MySQL's pluggable engine really is a killer feature. From these results you woul...

felixhandte · on May 1, 2018

I actually think the correct conclusion is the reverse: if you can fit your tables in RAM, choose Inno. Otherwise, Rocks outperforms Inno when the working set no longer fits in memory. OP's testing is a little confusing because the working set remains constant and the memory is scaled, where normally we think of this in terms of seeing how much we can scale the workload on a node with fixed resources.

Rapzid · on May 1, 2018

Dat jitter tho.

Like most things, the devil is in the details.. And the use case.

mtanski · on May 1, 2018

That's somewhat inherent to LSM tree.

adventured · on May 1, 2018

That's the right conclusion. Most use cases will fit into memory and InnoDB will win vs Rocks when all of your data fits into memory. Very large users are the ones who would more typically benefit from Rocks, as their data sets may dramatically outstrip available memory.

PeterZaitsev · on May 1, 2018

There is another side to MyRocks/RocksDB Story - Compression

With a lot higher compression than possible with Innodb MyRocks can be in memory (File Cache) when Innodb workloads are already IO bound. Plus you can save a lot on disk storage (and IO if you're paying for it)

ggg9990 · on May 1, 2018

But larger users can also afford more RAM.

PeterZaitsev · on May 1, 2018

This is common misconception. The larger there is a cost of sub-optimal performance. If you spend $1000/month on your infrastructure, halving infrastructure cost will save you $500/month which can't justify a lot of investments. Now if it is $100M/month saving $50M a month is worth a lot.... this is why Facebook for example has created many custom built highly optimized systems like RocksDB

PeterZaitsev · on May 1, 2018

Note MyRocks really excels when data set is larger than memory. For mostly in-memory workloads many smaller users have Innodb is better.

bogomipz · on May 1, 2018

Can you explain? I thought Rocks was an LSM storage engine and mostly excelled with write heavy work loads.

PeterZaitsev · on May 1, 2018

The benefit of LSM for Write workloads is a lot higher with large data sets. Optimizing BTREE in memory is cheap, BTREE on disk requires a lot of IO

LSM however does not require as much disk IO for inserts even if data is much larger than memory

bogomipz · on May 1, 2018

I'm not following.

Myrocks uses a clustered key for the primary key from what I have read. Isn't this the same as innodb? Is it not a B-Tree?

Could you elaborate on what's special about indexes - primary or secondary in Myrocks?

PeterZaitsev · on May 1, 2018

MyRocks is LSM based. The LSM is different from BTREE in what you need to do multiple "physical" lookups and merge result to perform one logical lookup. There are some tricks like Bloom Filters are employed to optimize it but it is still not as efficient in memory as BTREE especially for range lookups. Here is some information on WIKIPEDIA https://en.wikipedia.org/wiki/Log-structured_merge-tree

bogomipz · on May 1, 2018

Right Cassandra uses bloom filters.

I think I may have misinterpreted your originalcomment.

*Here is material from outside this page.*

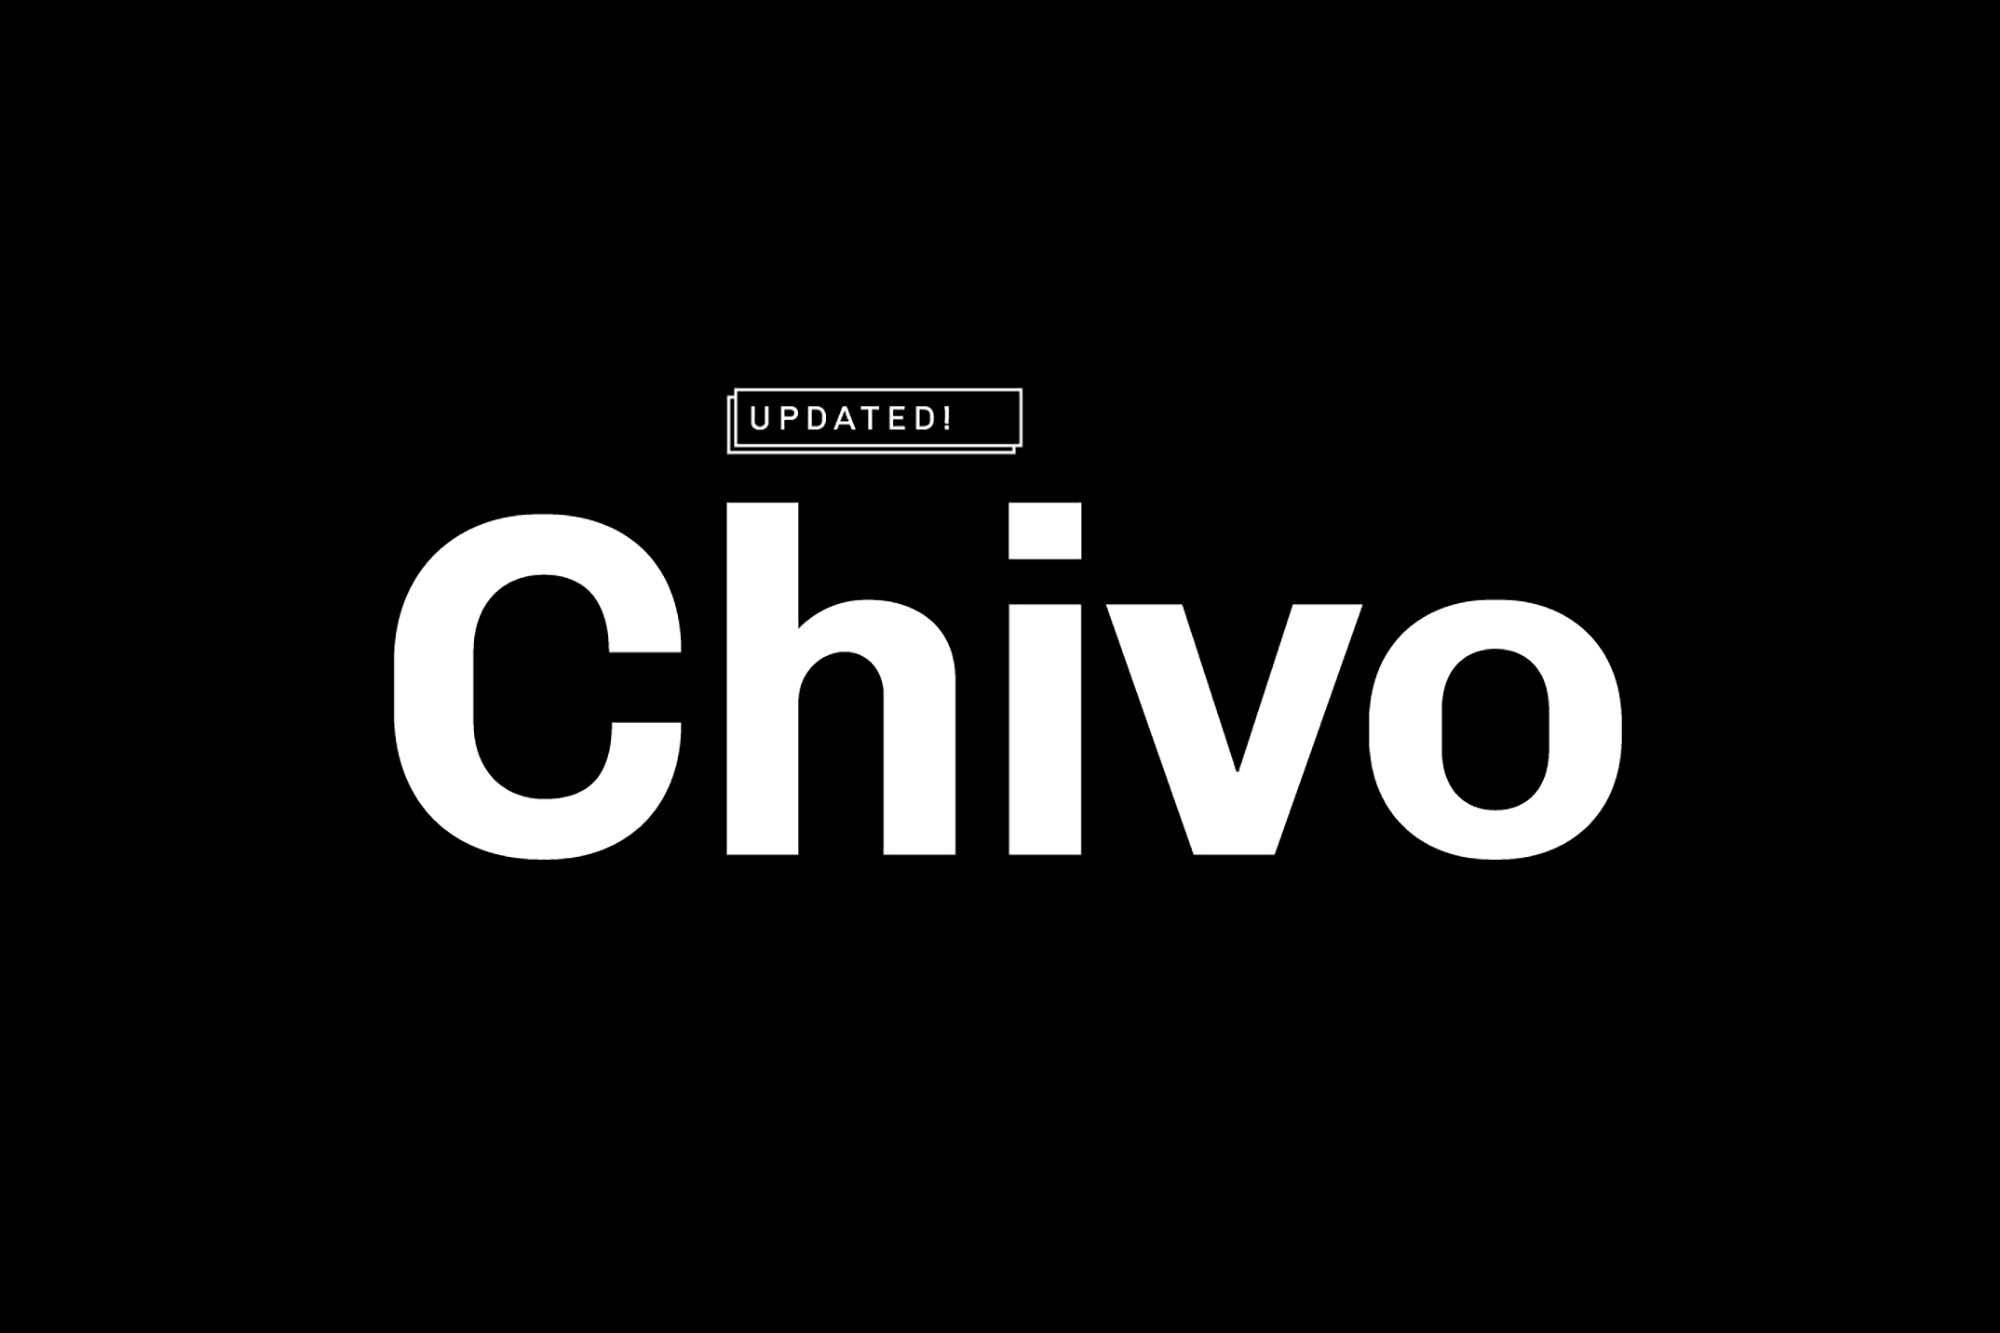 Chivo Sans Serif Font
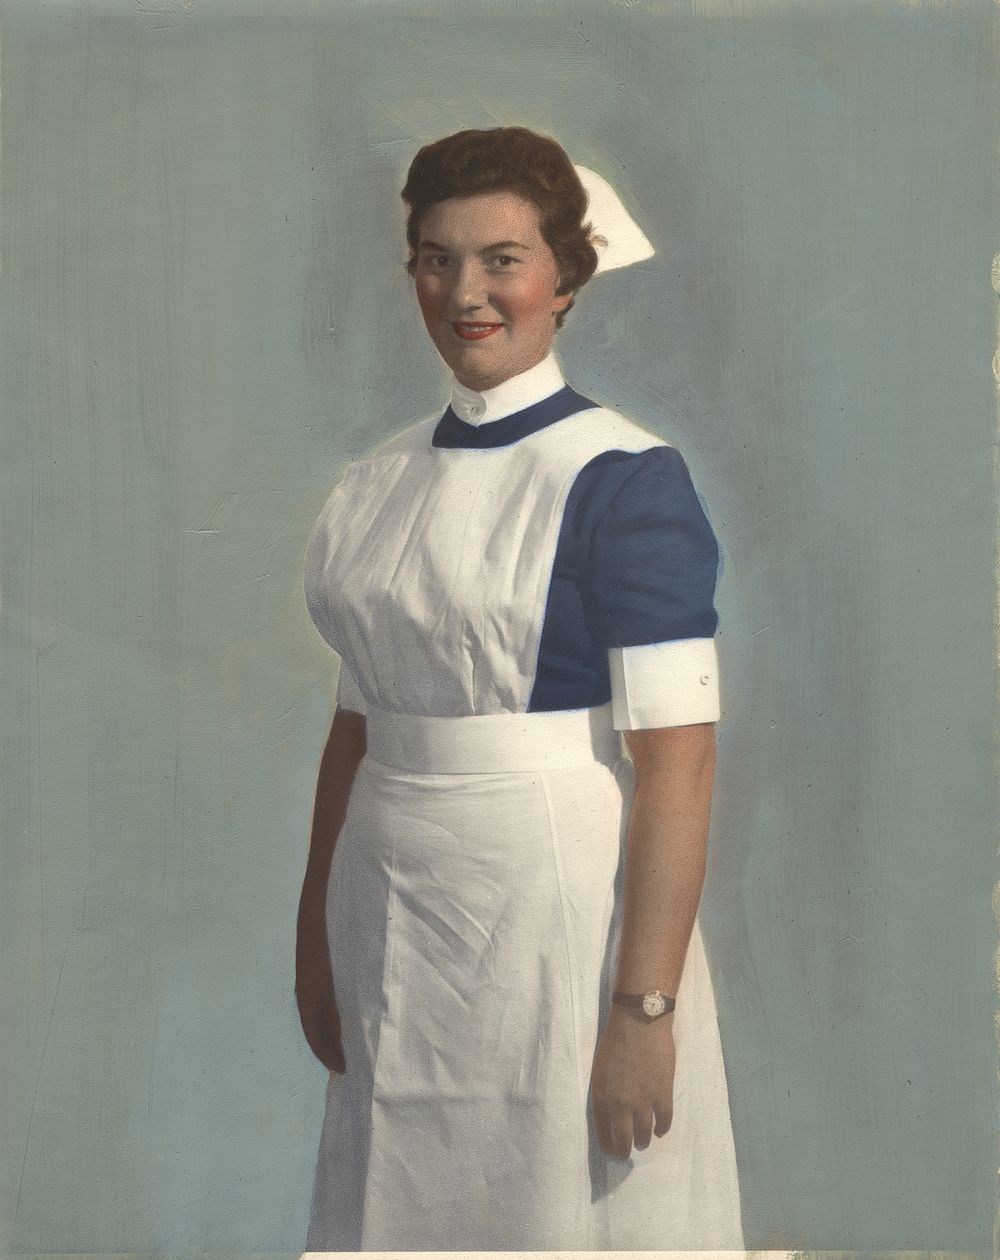 Nurse wearing uniform from Ireland. Original public domain image from Flickr

Fractal Tree Indexes are interesting as well as they are optimized for hitting the disk:

https://www.percona.com/doc/percona-tokudb/ft-index.html

dajonker · on May 1, 2018

As in any situation when it comes to performance: measure your own real world performance before making any decisions.

Benchmarks are nice to show that somethings work better than others in theory or "perfect" examples, but real databases tend to be much more complicated and messy, and sometimes just writing smarter queries, creating an index, or changing application logic may have a much bigger impact.

nartz · on May 1, 2018

I sort of consider these different things. Key/value store versus typical row store.

PeterZaitsev · on May 1, 2018

What do you see as the difference ?

Under SQL engine there tend to be some lower level API